Early years and education
Upton is the daughter of Dermot and Pauline Upton
and is originally from Janesboro on the south side of the city. She has two older brothers, Diarmaid and Sean, both of whom have played rugby union for Munster at schoolboy level and have played for Young Munster in the All-Ireland League. Upton attended An Mhodh Scoil and Crescent College before studying at the University of Connecticut where she gained a BA in Psychology. In 2019 she completed her two years Masters in Primary education in Mary Immaculate College Limerick. As well as playing field hockey in her youth, Upton also played ladies' Gaelic football for Mungret St. Pauls  and women's association football for Janesboro.

Domestic teams

Early years
Upton started playing field hockey at Crescent College and then subsequently with Catholic Institute. She helped Crescent College win two Munster Schools Junior Cup and two Senior Cup titles. She also captained the Crescent College team. She helped Catholic Institute challenge for Munster club honours.

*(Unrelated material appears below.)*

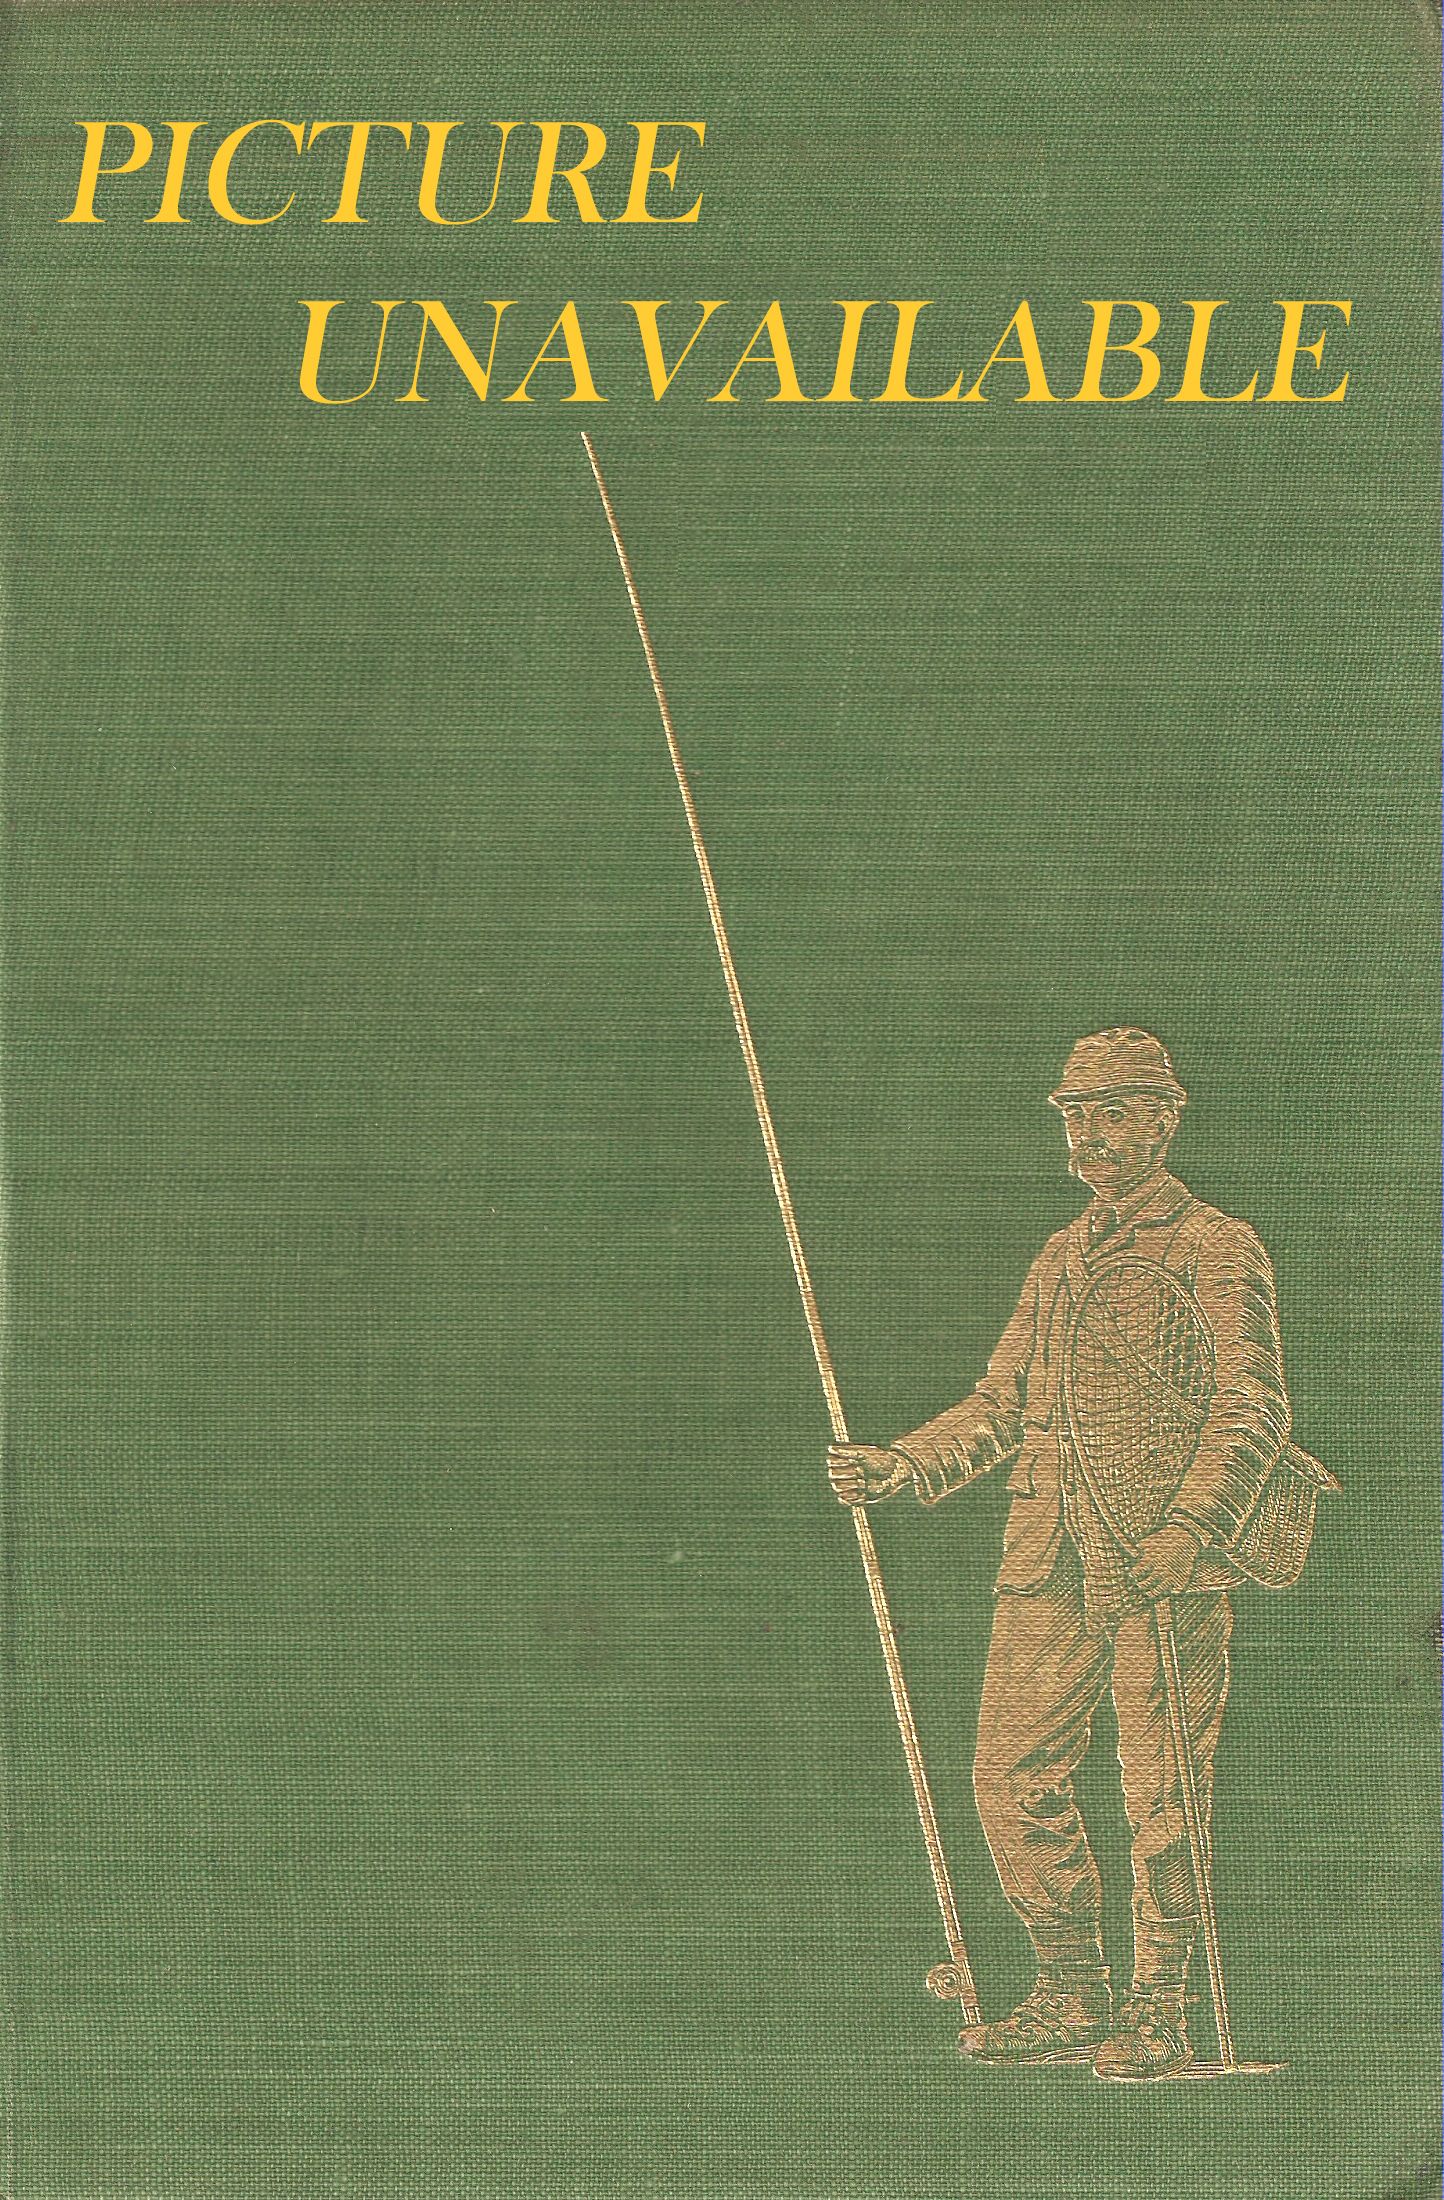 SALMON FISHING WITH THE FLY: ALSO A FEW NOTES ON FLY FISHING FOR SEA  TROUT. By John P. Traherne. De luxe leather-bound edition.

Munster and Ireland youth player of the year in 2011

Connecticut Huskies
Between 2012 and 2016 Upton attended the University of Connecticut. During this time she was a prominent member of the Connecticut Huskies teams that won the 2013 and 2014 NCAA Division I Field Hockey Championships. Upton captained the team during the 2014 season and in 2014 and 2015 was nominated for the Honda Sports Award. Upton also helped the team win four consecutive Big East Conference Field Hockey Tournaments between 2012 and 2015. During her time with the Connecticut Huskies, Upton also worked as a member of the teams coaching staff.

Cork Harlequins
In November 2016 Upton began playing for Cork Harlequins in the Women's Irish Hockey League. Her teammates at Harlequins include Yvonne O'Byrne. Upton, along with O'Byrne and Naomi Carroll, played for Harlequins in the 2017 Irish Senior Cup final, losing 1–0 to UCD. In 2017–18 she helped Harlequins finish as runners up in both the Women's Irish Hockey League and the EY Champions Trophy.

Catholic Institute
In 2018 Upton re-joined Catholic Institute as they became founder members of the Women's Irish Hockey League Division 2.

Ireland international
Together with Emily Beatty and Katie Mullan, Upton represented Ireland at the 2010 Youth Olympic Games. Graham Shaw first included Upton in an Ireland squad in 2015. In January 2016 she was also included in a squad for series of away games against Spain. However, on both occasions Upton had to withdraw from the squads because of injuries. She eventually made her senior debut on 6 November 2016 against Scotland. In January 2017 she was a member of the Ireland team that won a 2016–17 Women's FIH Hockey World League Round 2 tournament in Kuala Lumpur, defeating Malaysia 3–0 in the final. Upton scored four goals in the tournament. On 17 January 2017 she scored her first senior Ireland goal in a 10–0 win against Hong Kong. On 19 January 2017 she scored a hat-trick in a 10–0 against Singapore.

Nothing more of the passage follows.